Embora fosse o cardeal portenho, Bergoglio só começou a ser uma figura conhecida de forma nacional pelos argentinos quando a partir de 2003 manteve uma série de confrontos com o casal Néstor e Cristina Kirchner, que governaram a Argentina ao longo da última década. Sem papas na língua, o cardeal não vacilou em criticar a retomada do crescimento da pobreza, a corrupção, a divisão da sociedade e a falta de tolerância política.
PAPÁVEL - Em 2005 Bergoglio ficou mais conhecido quando passou a ser um dos papáveis da América Latina. Mas, na ocasião Bergoglio ficou em segundo lugar, com 40 votos, sendo superado por Joseph Ratzinger, que foi entronizado Bento XVI.
Bergoglio permanecia cotado como “papável” para um eventual novo conclave. Mas, em 2010 sofreu um duro revés político quando o Parlamento argentino aprovou um projeto de lei do Partido Socialista (mas respaldado pelo governo da peronista Cristina Kirchner) de casamento entre pessoas do mesmo sexo. Bergoglio, na véspera da votação, deixou de lado seu estilo sóbrio e, perdendo as estribeiras de uma forma ostensiva (o conservador jornal “La Nación” até criticou o ato do cardeal) desferiu um furioso sermão contra o projeto, que foi aprovado com ampla maioria. Muitos integrantes do clero acharam que esta derrota implicaria na perda de pontos como “papável” em um seguinte conclave.
PECULIARIDADES - Ao ser entronizado como o papa Francisco, Bergoglio, além de se transformar no primeiro latino-americano (e habitante de todas as Américas) a ocupar o trono de São Pedro, também quebrou a restrição – implícita – de que um jesuíta seja transformado em papa. Desde que foi criada, há quase cinco séculos, a Companhia de Jesus jamais havia conseguido que um representante seu chegasse a líder da Igreja Católica, principalmente pela oposição de outras congregações que temiam seu crescimento.

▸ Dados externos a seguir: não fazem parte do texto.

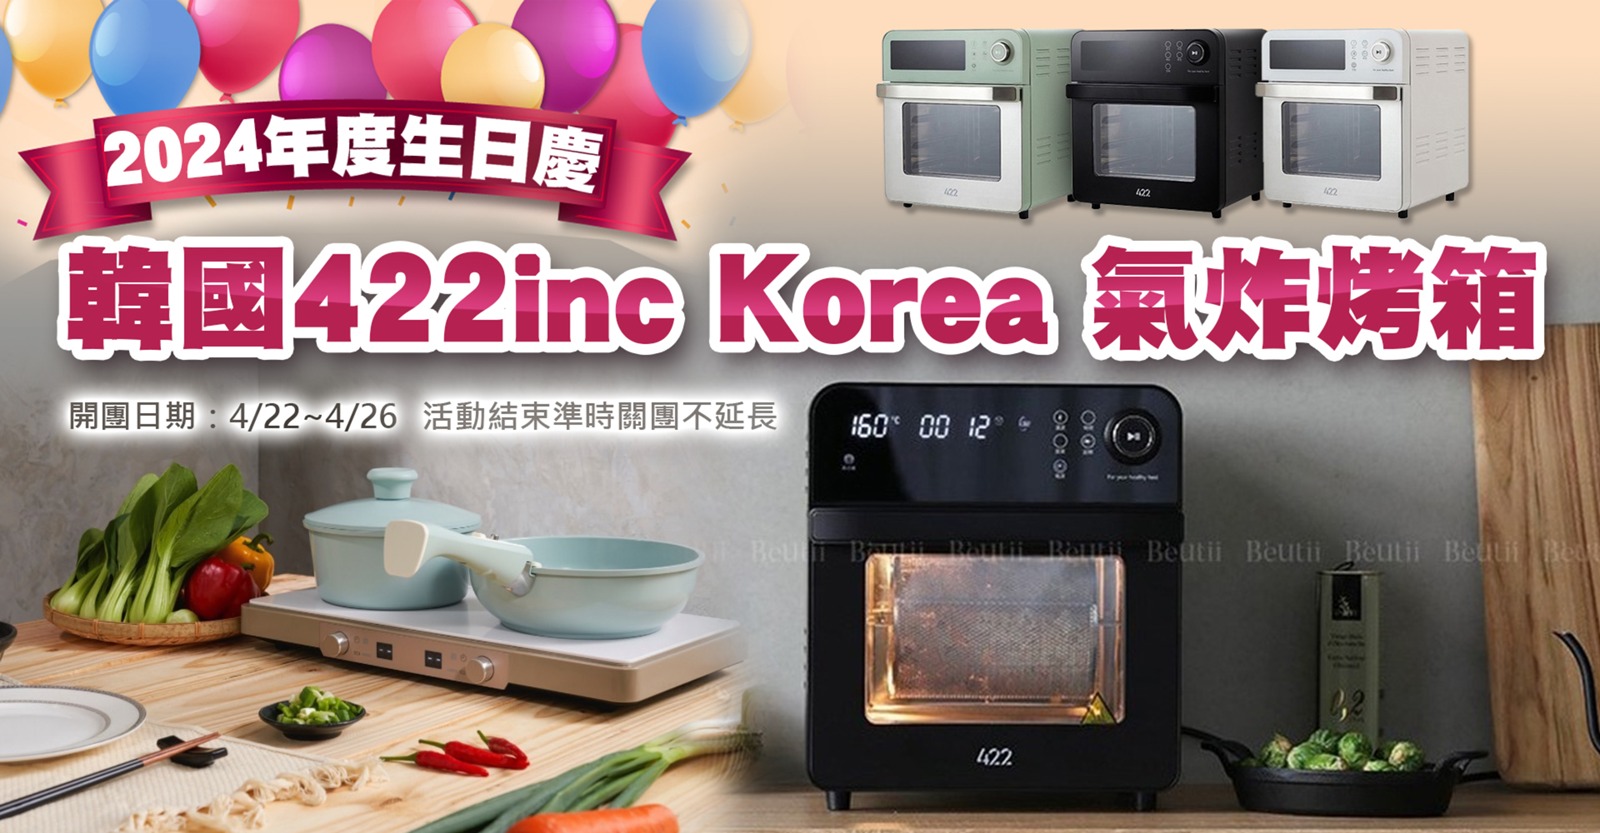 韓國422inc Korea 氣炸烤箱2024年度生日慶  4/22開賣

É também o primeiro papa não-europeu desde Gregório III, nascido na Síria em 690 e santo padre entre 731 e 741.
É também o único papa da História declaradamente fanático do futebol o primeiro que admite dotes de dançarino em sua juventude (gostava de dançar tango), além de ser o primeiro que escreveu um livro em conjunto com um rabino (Abraham Skorka, com quem preparou “Sobre o Céu e a Terra”).